Group Claims Vacancies at National Weather Service Endanger the Public

Science and operations officer Christopher Buonanno monitors data at the National Weather Service Warning and Forecast Office in North Little Rock, Ark. Science and operations officer Christopher Buonanno monitors data at the National Weather Service Warning and Forecast Office in North Little Rock, Ark. Danny Johnston/AP File Photo

The National Weather Service is not filling hundreds of open positions despite having the funds to do so, an employee group has said, though the agency disputes the claim.

The NWS Employees Organization called the vacancies “unnecessary and dangerous,” saying the agency was “flush” with $125 million in surplus funding, pointing to information it uncovered at an arbitration hearing earlier this month.
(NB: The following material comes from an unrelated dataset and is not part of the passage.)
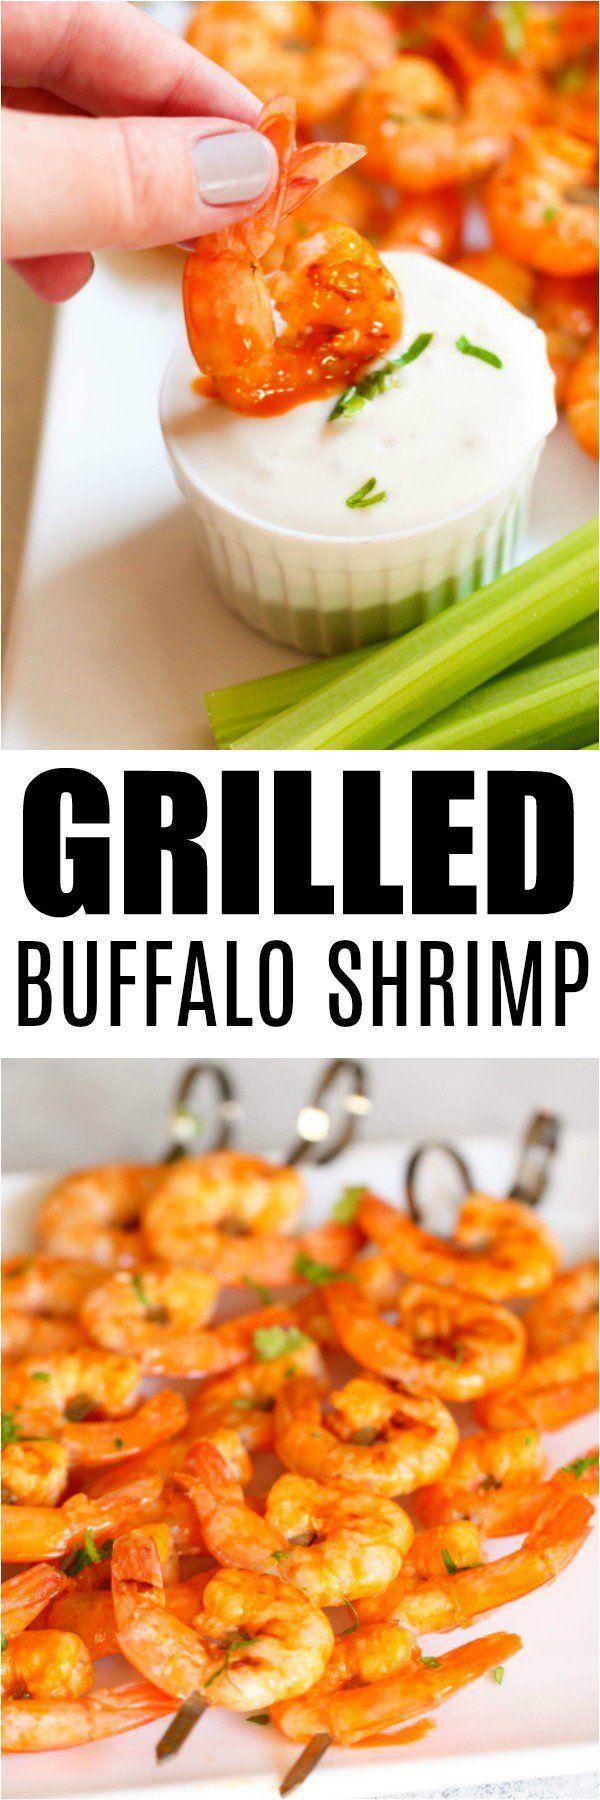 Grilled Buffalo Shrimp #buffaloshrimp

Most of the money, NWSEO said, would require a “routine” reprogramming request, though $10 million was ready for immediate expenditure on hiring. NWS, which implemented a hiring freeze on March 27, 2013, after the Mar. 1 start of sequestration, has 451 vacancies.

In addition to the failure to hire “hundreds of hurricane, tornado and fire weather forecaster vacancies across the country,” the employee organization said NWS, “needlessly terminated training, travel and conference attendance, and delayed maintenance when funds were available.”

For its part, NWS said the alleged surplus is simply the result of its ability to carry over funding into the new fiscal year.

“There is no surplus,” said Chris Vaccaro, an NWS spokesman. “Our funds cover two years and the balance is the obligation in the remaining year,” adding, “our budget process is open and transparent and we're continuing to communicate, within the agency and out, how and when these dedicated funds will be spent.”

Vaccaro said NWS obligated more than 98 percent of its funding in fiscal 2013 in one of its accounts, and more than 99 percent in its other account.

“Executing at a higher rate could have put needed overtime and emergency travel funds at risk at the end of the fiscal year,” he said.  

Dan Sobien, NWSEO’s president, disagreed with this argument.

“If they were saving the money for this year, why are they not filling vacancies?” Sobien said. “We are four months into this fiscal year and they have the [fiscal 2014] appropriation, and Congress has been quite generous to them.”

UPDATE: NWS responded that it has not yet received the fiscal 2014 funds it was allocated in the recent appropriations bill, and to this point the agency has been operating at sequestration levels. It also denied that it could simply use its leftover funds to pay for new employees. “NWS spent what it could given the constraints and uncertainty of the sequestration and late receipt of funding in the fiscal year,” Vaccaro said. “The vast majority of the carryover is in budget accounts that cannot be spent to fill field vacancies and have specific appropriation intent that NWS continues to carry out in FY14.”